Capítulo 426
O Extra é um Gênio!?
A manhã do dia da partida nasceu silenciosa na propriedade Thorne. Nuvens de névoa permaneciam nos jardins e nas pedras rachadas do pátio, borrando os vestígios dos danos deixados pela batalha. Servos agitavam-se entre as carruagens, carregando malas e suprimentos ao ritmo marcado pelos cascos e comandos agudos.
Noel estava próximo ao portão. Observava Elyra, Selene e Elena conversando pela última vez com Seraphina antes de partirem.

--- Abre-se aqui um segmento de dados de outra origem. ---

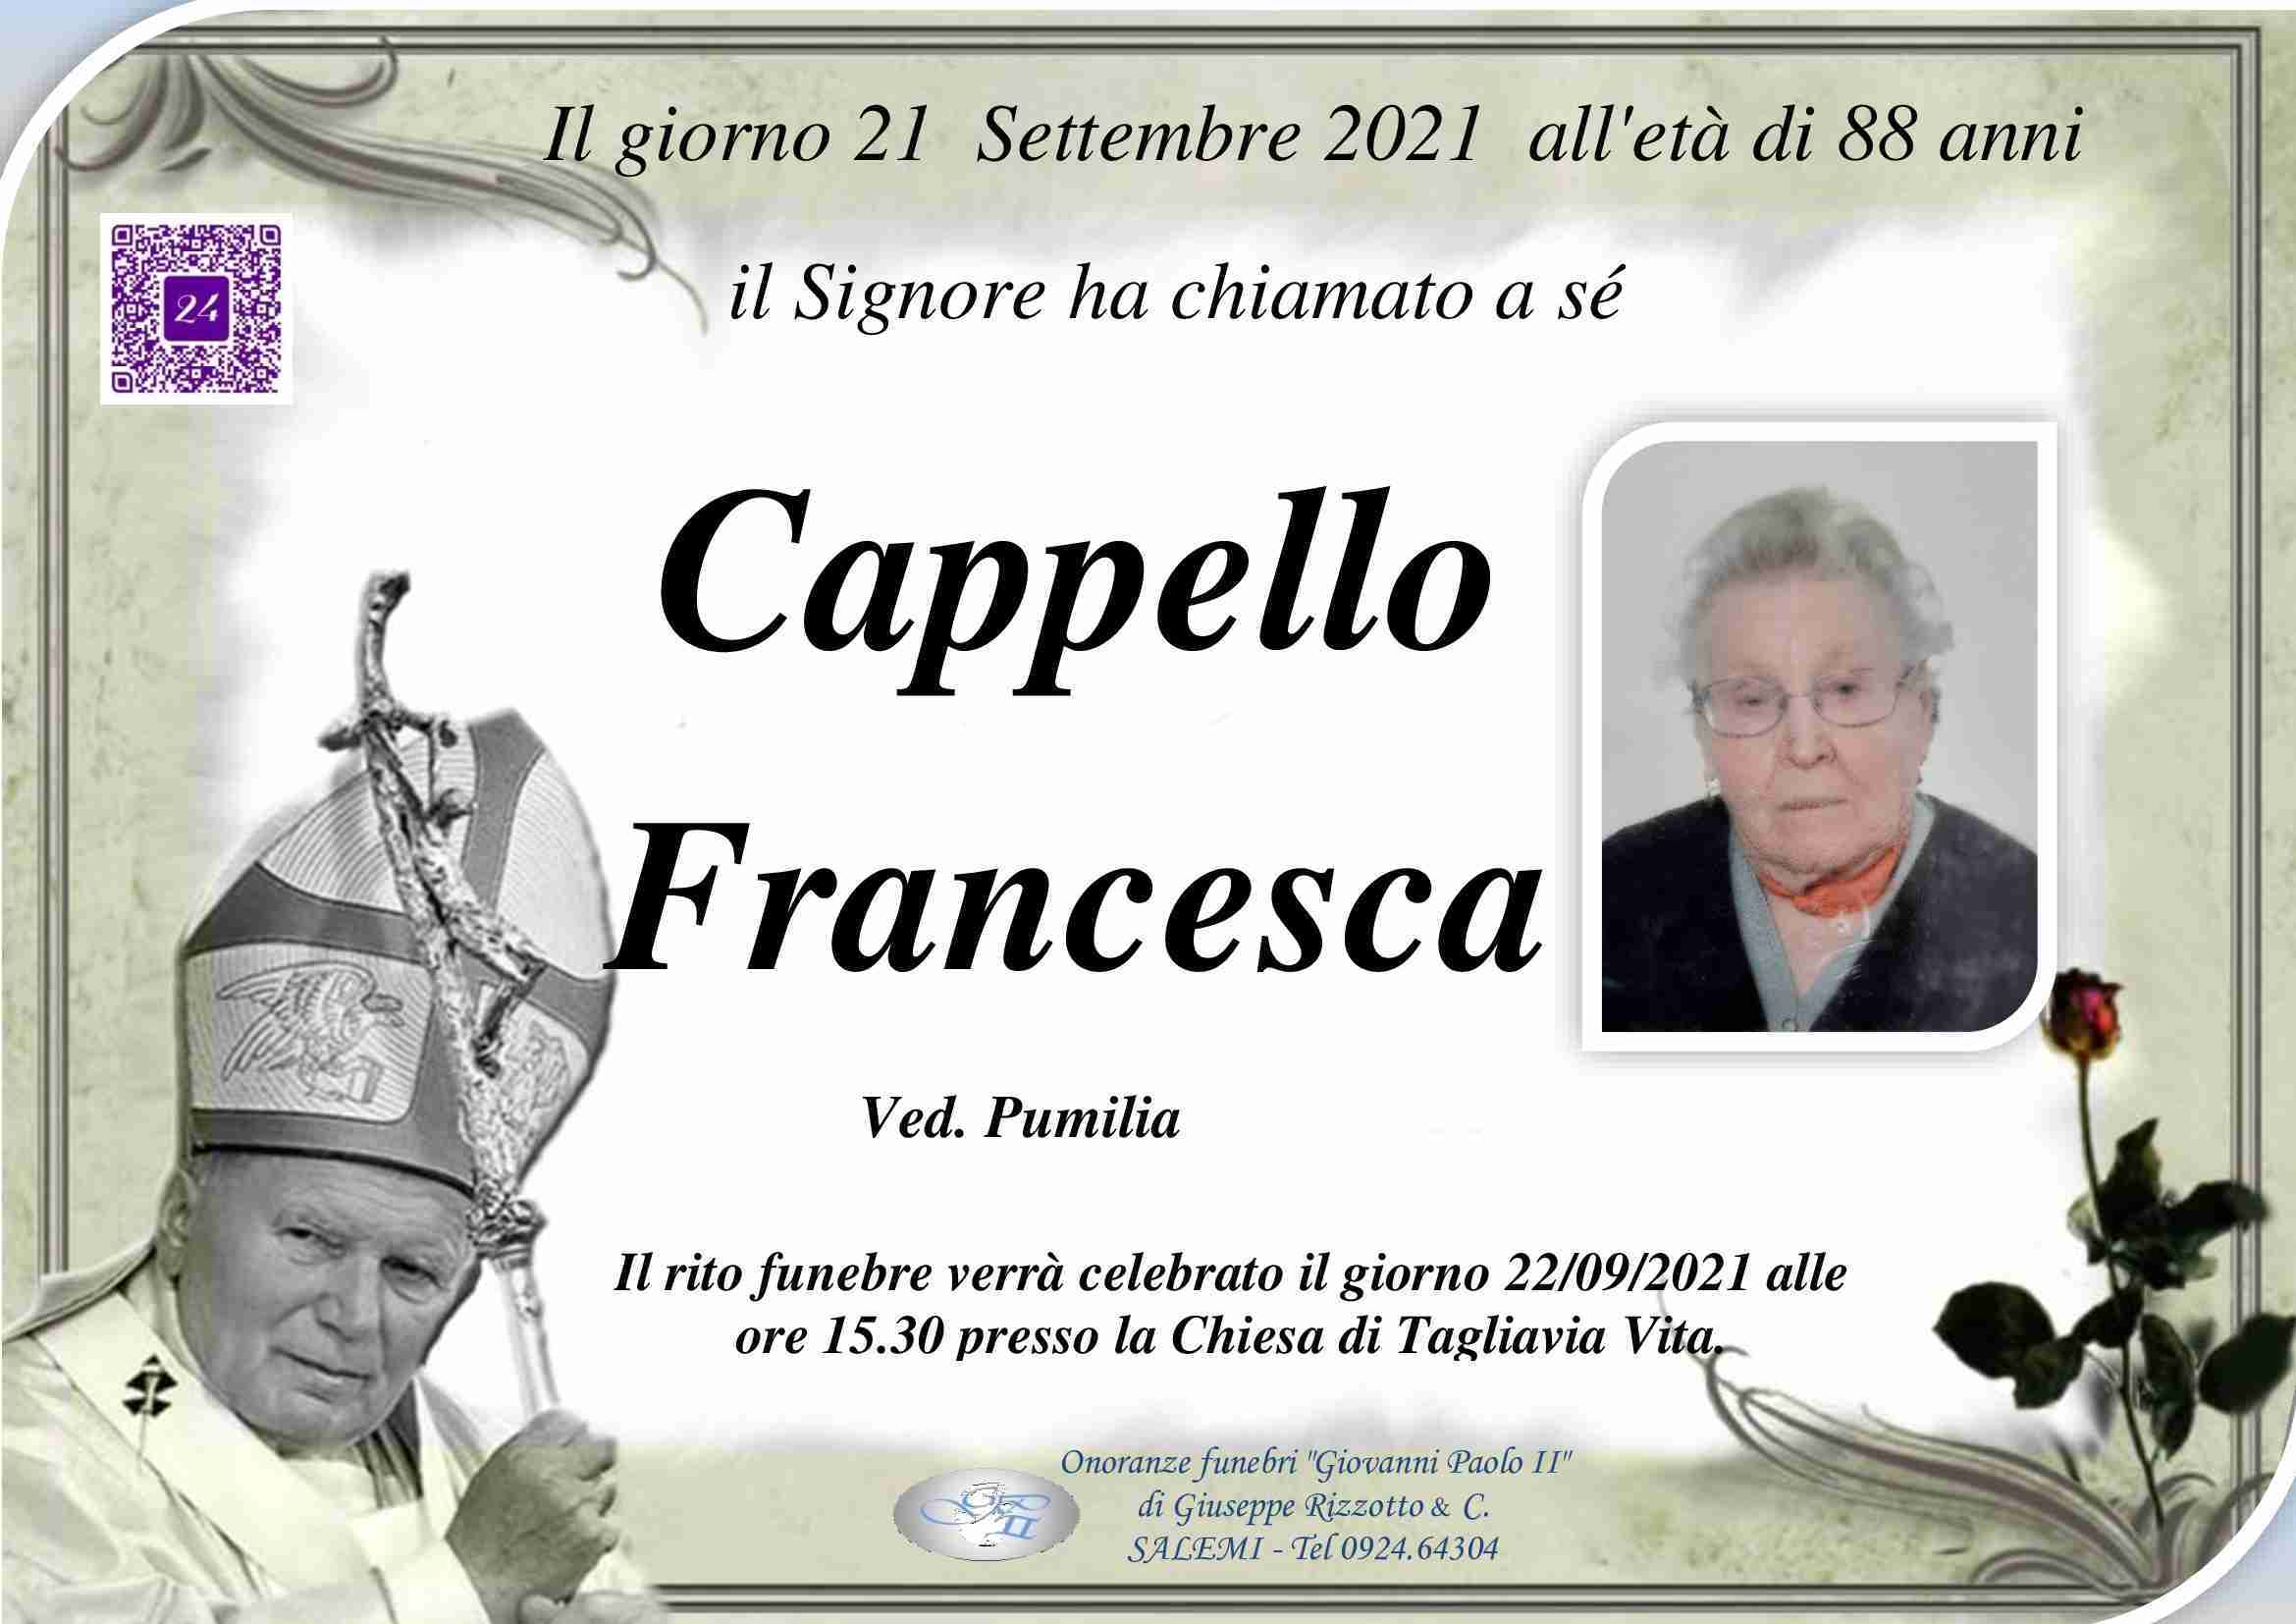 Francesca Cappello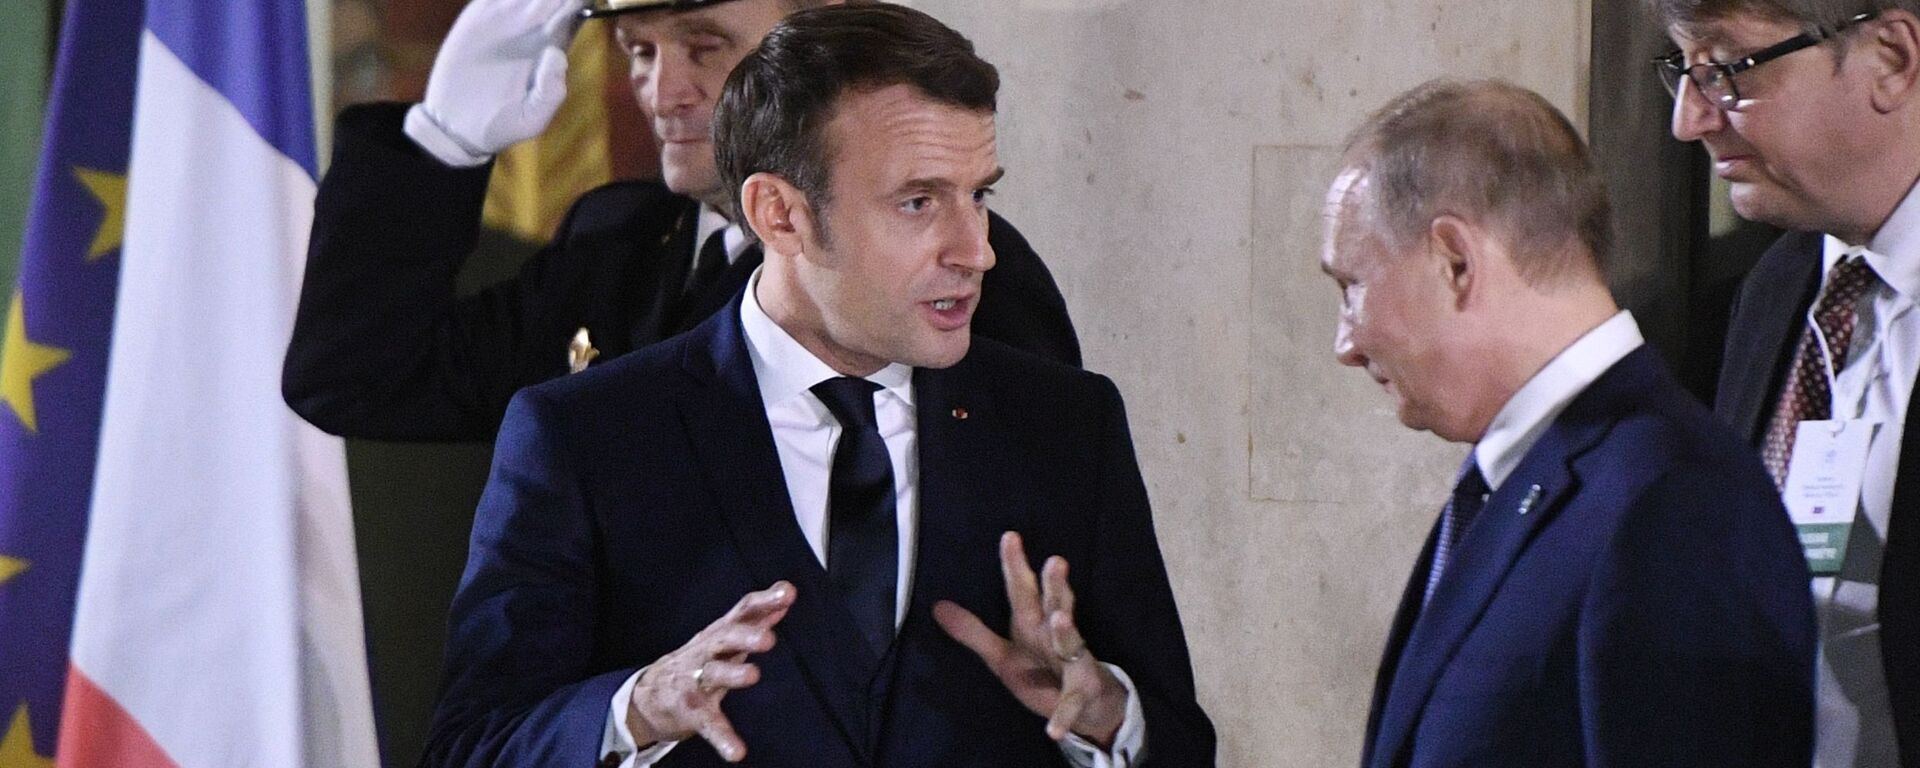 Tổng thống Nga Vladimir Putin và Tổng thống Pháp Emmanuel Macron sau cuộc gặp gỡ theo  “định dạng Normandy” (09.12.2019).  - Sputnik Việt Nam, 1920, 20.08.2021

As três meninas pareciam cansadas, mas cada uma pronta para retornar à academia, a algo que se parecia com uma vida normal.
Elyra se virou na direção dele com seu sorriso habitual. "Tente não causar confusão enquanto estivermos fora, OK?"
Noel lançou um sorriso discreto. "Promessas, ninguém faz."
Selene acenou com a cabeça em silêncio. "Até logo em Valon."
Elena ajustou sua bolsa, com um tom mais gentil. "Cuide bem dela, Noel."
Ele não precisou perguntar quem ela queria dizer. Charlotte estava a alguns passos atrás, com o capuz puxado, a luz tênue refletindo os fios de seu cabelo rosa. Ela acenou uma vez para as demais, sorrindo levemente.
Seraphina supervisionava tudo com sua autoridade calma habitual. "O comboio real partirá dentro de uma hora", disse ela. "A segunda carruagem será sua,"—ela trocou olhares entre Noel e Charlotte—"e levará vocês diretamente a Valon, ao castelo."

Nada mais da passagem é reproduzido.